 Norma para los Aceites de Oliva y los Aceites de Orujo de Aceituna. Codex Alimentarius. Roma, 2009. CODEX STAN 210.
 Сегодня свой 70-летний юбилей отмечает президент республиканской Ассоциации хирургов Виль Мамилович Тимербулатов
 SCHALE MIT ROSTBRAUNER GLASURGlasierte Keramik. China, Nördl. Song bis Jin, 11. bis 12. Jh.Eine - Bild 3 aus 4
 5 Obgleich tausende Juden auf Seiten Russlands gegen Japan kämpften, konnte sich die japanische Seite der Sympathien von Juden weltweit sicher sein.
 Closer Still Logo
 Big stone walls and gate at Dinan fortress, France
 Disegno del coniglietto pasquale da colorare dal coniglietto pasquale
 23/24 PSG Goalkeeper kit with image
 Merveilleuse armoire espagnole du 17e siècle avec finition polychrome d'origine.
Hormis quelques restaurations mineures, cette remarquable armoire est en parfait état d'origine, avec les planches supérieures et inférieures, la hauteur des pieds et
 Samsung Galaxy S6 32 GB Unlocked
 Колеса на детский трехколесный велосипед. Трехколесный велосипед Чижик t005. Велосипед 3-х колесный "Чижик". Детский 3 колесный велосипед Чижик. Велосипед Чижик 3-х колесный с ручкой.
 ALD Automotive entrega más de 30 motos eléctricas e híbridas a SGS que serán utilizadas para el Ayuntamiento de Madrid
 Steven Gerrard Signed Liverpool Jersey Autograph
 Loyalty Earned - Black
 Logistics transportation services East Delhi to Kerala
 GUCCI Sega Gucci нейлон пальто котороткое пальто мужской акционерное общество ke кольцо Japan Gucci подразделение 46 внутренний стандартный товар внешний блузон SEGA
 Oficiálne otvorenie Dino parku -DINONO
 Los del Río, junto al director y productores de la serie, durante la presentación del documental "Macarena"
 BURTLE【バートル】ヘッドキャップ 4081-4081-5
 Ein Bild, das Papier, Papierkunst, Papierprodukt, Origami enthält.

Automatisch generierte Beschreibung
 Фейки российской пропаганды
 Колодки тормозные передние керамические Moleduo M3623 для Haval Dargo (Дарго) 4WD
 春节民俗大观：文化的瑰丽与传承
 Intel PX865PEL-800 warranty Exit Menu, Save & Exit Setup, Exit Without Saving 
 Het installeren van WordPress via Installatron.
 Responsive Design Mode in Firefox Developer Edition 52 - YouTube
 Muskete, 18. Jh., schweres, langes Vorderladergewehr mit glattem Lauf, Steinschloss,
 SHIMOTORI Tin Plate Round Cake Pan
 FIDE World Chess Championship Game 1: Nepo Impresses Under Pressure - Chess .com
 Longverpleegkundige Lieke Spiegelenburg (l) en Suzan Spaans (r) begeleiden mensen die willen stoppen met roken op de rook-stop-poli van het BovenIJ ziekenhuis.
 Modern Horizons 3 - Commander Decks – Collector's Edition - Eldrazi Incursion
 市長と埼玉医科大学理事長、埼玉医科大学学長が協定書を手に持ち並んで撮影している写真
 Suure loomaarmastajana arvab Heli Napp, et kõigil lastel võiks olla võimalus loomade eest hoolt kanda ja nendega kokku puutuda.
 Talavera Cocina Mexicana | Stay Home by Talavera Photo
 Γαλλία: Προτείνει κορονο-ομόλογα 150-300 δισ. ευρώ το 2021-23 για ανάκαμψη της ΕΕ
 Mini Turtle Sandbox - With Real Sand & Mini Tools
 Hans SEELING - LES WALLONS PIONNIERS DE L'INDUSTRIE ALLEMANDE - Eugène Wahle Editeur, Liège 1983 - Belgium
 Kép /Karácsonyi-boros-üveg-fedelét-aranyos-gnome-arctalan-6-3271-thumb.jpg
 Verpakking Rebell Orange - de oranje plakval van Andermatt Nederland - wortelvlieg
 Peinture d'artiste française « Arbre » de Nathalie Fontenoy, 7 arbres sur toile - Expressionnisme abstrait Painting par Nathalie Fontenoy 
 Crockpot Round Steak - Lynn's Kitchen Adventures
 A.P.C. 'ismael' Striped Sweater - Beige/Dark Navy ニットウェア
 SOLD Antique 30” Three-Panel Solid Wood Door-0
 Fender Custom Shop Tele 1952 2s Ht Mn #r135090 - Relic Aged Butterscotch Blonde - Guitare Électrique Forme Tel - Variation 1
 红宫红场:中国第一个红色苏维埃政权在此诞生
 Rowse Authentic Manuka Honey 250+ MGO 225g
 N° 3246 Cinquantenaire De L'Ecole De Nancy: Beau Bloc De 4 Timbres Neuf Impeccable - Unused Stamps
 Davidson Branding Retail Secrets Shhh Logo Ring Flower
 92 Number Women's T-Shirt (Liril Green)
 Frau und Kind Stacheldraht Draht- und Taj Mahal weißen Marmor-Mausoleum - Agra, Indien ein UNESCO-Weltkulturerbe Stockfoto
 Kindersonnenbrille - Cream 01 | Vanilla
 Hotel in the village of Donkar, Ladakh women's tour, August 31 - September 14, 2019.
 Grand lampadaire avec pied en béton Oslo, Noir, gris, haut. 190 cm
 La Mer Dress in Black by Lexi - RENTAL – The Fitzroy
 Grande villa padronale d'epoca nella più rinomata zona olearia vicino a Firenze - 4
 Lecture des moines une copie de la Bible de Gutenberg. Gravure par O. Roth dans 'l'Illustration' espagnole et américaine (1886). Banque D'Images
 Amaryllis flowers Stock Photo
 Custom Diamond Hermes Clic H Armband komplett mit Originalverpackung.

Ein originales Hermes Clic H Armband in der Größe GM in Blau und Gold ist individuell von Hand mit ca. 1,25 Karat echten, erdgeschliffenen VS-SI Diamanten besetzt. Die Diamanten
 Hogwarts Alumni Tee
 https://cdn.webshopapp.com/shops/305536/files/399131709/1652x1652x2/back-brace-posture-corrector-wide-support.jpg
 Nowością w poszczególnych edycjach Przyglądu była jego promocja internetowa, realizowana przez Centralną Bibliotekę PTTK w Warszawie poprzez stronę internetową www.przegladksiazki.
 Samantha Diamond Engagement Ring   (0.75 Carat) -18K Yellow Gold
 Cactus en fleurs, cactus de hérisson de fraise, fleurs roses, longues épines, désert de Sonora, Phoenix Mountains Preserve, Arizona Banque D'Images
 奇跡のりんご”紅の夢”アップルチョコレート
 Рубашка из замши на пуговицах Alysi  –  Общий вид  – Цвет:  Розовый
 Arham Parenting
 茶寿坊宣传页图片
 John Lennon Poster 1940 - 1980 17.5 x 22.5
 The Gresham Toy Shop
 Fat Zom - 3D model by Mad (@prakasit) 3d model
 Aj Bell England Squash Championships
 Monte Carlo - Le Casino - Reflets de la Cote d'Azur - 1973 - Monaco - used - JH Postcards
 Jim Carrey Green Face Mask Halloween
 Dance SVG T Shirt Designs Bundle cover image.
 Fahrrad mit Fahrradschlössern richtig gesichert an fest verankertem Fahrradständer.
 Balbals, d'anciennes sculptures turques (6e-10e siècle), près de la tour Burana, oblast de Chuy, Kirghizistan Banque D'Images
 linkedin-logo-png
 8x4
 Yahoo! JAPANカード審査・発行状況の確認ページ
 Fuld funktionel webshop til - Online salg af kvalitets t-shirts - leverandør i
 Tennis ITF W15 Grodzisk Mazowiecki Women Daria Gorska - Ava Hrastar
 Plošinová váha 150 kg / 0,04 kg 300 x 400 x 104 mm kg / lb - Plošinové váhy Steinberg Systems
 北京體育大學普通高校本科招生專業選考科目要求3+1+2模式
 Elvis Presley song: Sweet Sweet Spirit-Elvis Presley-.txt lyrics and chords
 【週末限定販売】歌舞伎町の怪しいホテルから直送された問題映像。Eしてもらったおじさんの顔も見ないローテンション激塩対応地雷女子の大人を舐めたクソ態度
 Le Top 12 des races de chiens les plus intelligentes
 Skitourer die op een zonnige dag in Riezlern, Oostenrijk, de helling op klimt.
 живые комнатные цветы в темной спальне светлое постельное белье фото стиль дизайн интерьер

##############################

*Task statement*
Out of the entries above, write out only the lines between the line holding "Фейки российской пропаганды" and the line holding "Modern Horizons 3", inclusive, each exactly as given.

*Written answer*
 Фейки российской пропаганды
 Колодки тормозные передние керамические Moleduo M3623 для Haval Dargo (Дарго) 4WD
 春节民俗大观：文化的瑰丽与传承
 Intel PX865PEL-800 warranty Exit Menu, Save & Exit Setup, Exit Without Saving 
 Het installeren van WordPress via Installatron.
 Responsive Design Mode in Firefox Developer Edition 52 - YouTube
 Muskete, 18. Jh., schweres, langes Vorderladergewehr mit glattem Lauf, Steinschloss,
 SHIMOTORI Tin Plate Round Cake Pan
 FIDE World Chess Championship Game 1: Nepo Impresses Under Pressure - Chess .com
 Longverpleegkundige Lieke Spiegelenburg (l) en Suzan Spaans (r) begeleiden mensen die willen stoppen met roken op de rook-stop-poli van het BovenIJ ziekenhuis.
 Modern Horizons 3 - Commander Decks – Collector's Edition - Eldrazi Incursion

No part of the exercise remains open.